*ABOUT THIS EXERCISE*:
Restate the listing below word for word, omitting any images.

*GIVEN DATA*:
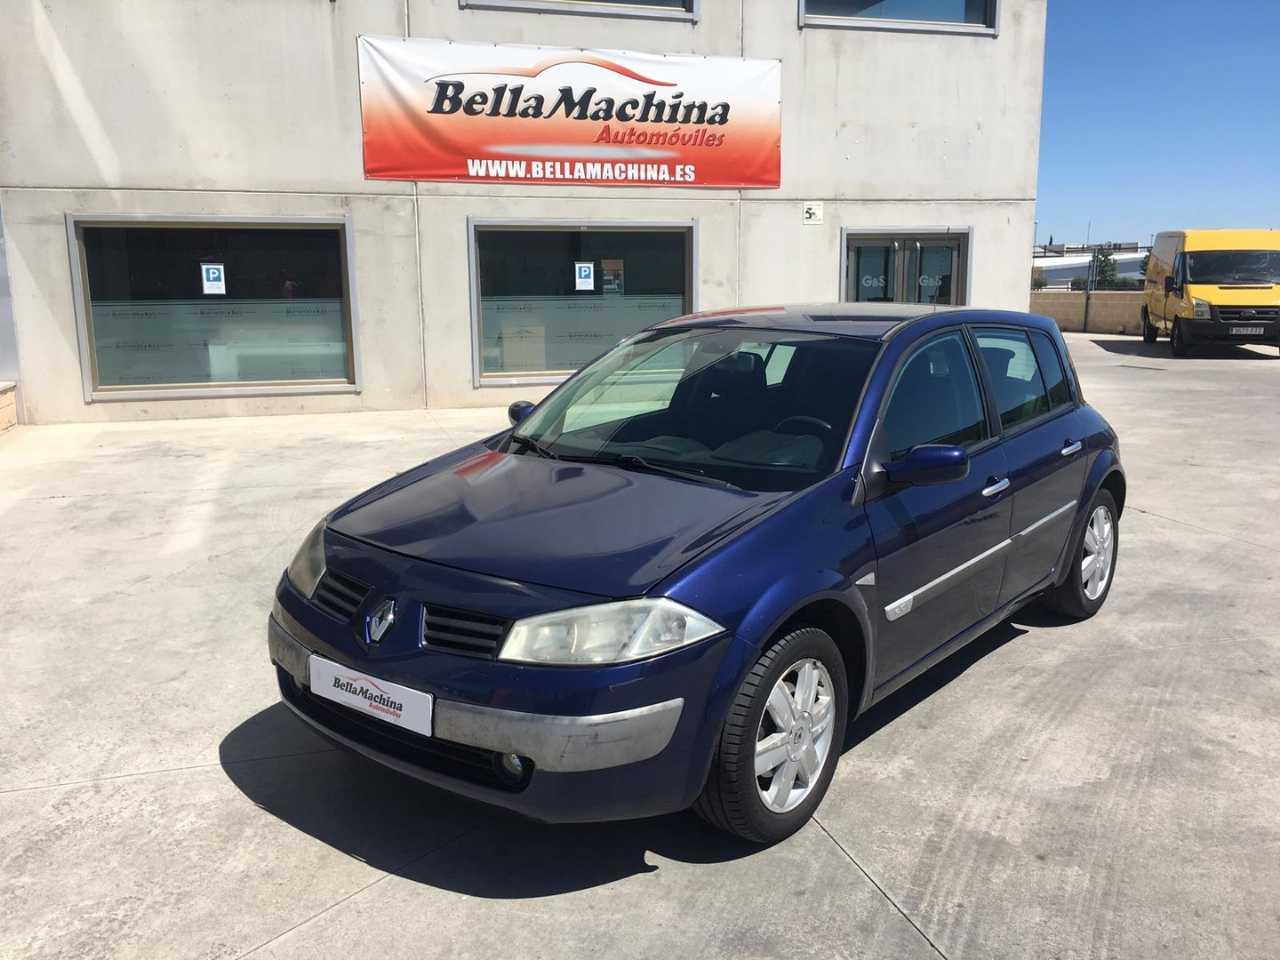 Renault Megane 1.5 DCI *** FINANCIACION ***   - Foto 1
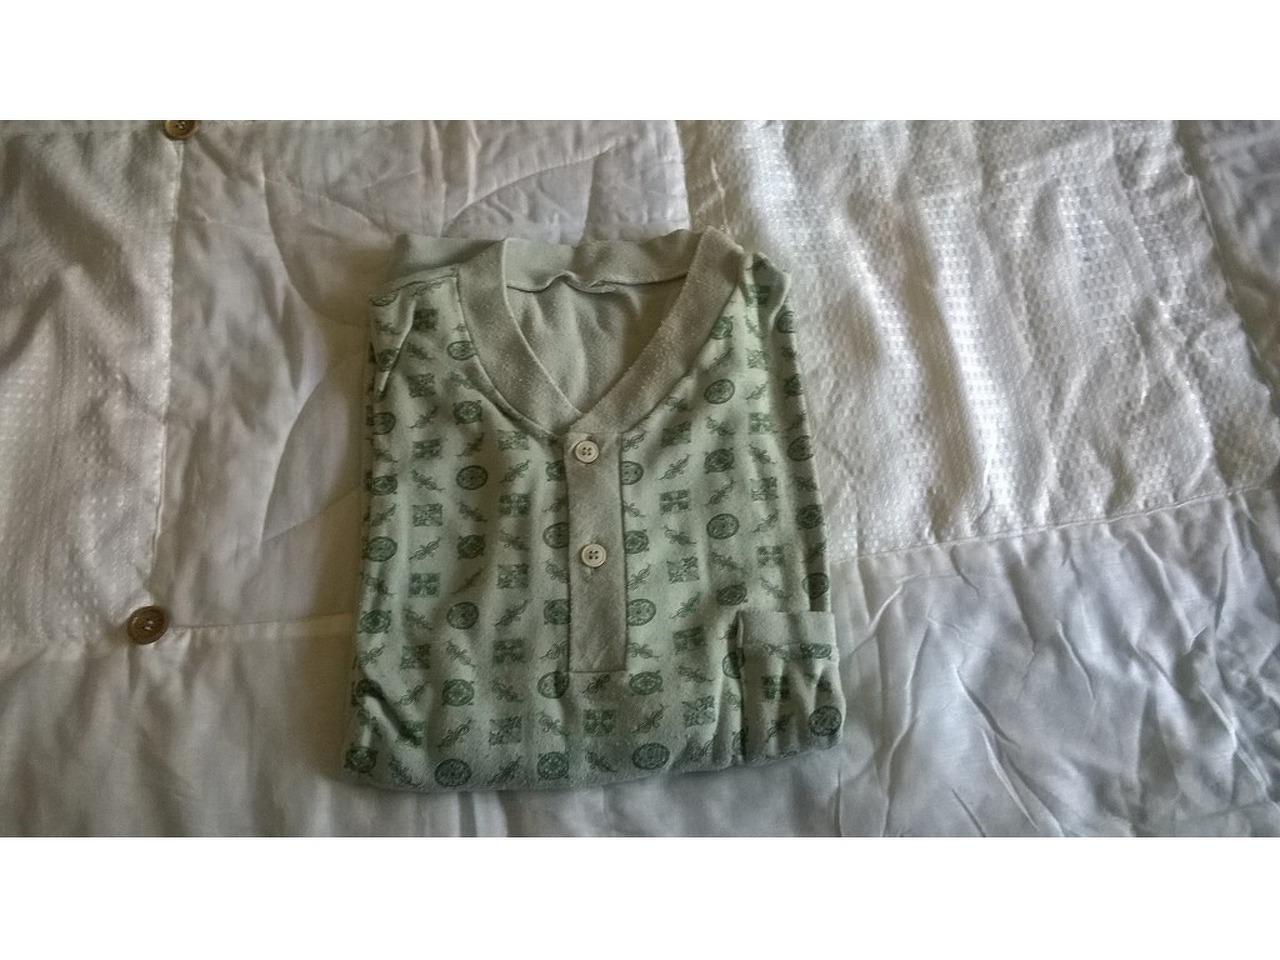 Pijamas (segunda mão) - 11/12
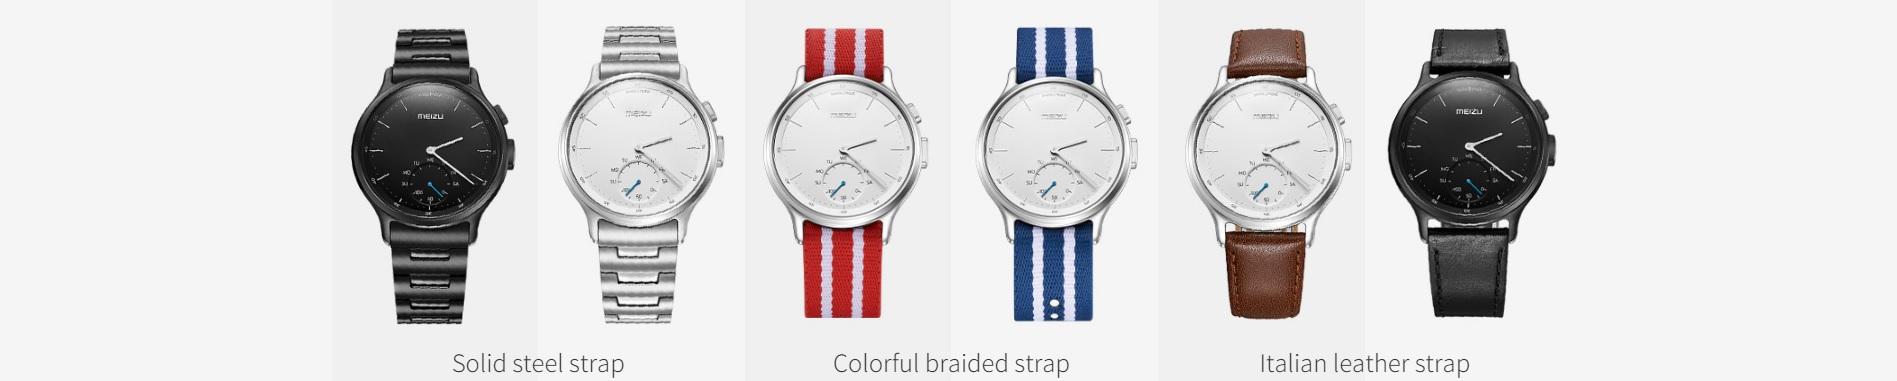 smartwatch Meizu Smart Watch MIX

*RESPONSE BELOW*:
 Renault Megane 1.5 DCI *** FINANCIACION ***   - Foto 1
 Pijamas (segunda mão) - 11/12
 smartwatch Meizu Smart Watch MIX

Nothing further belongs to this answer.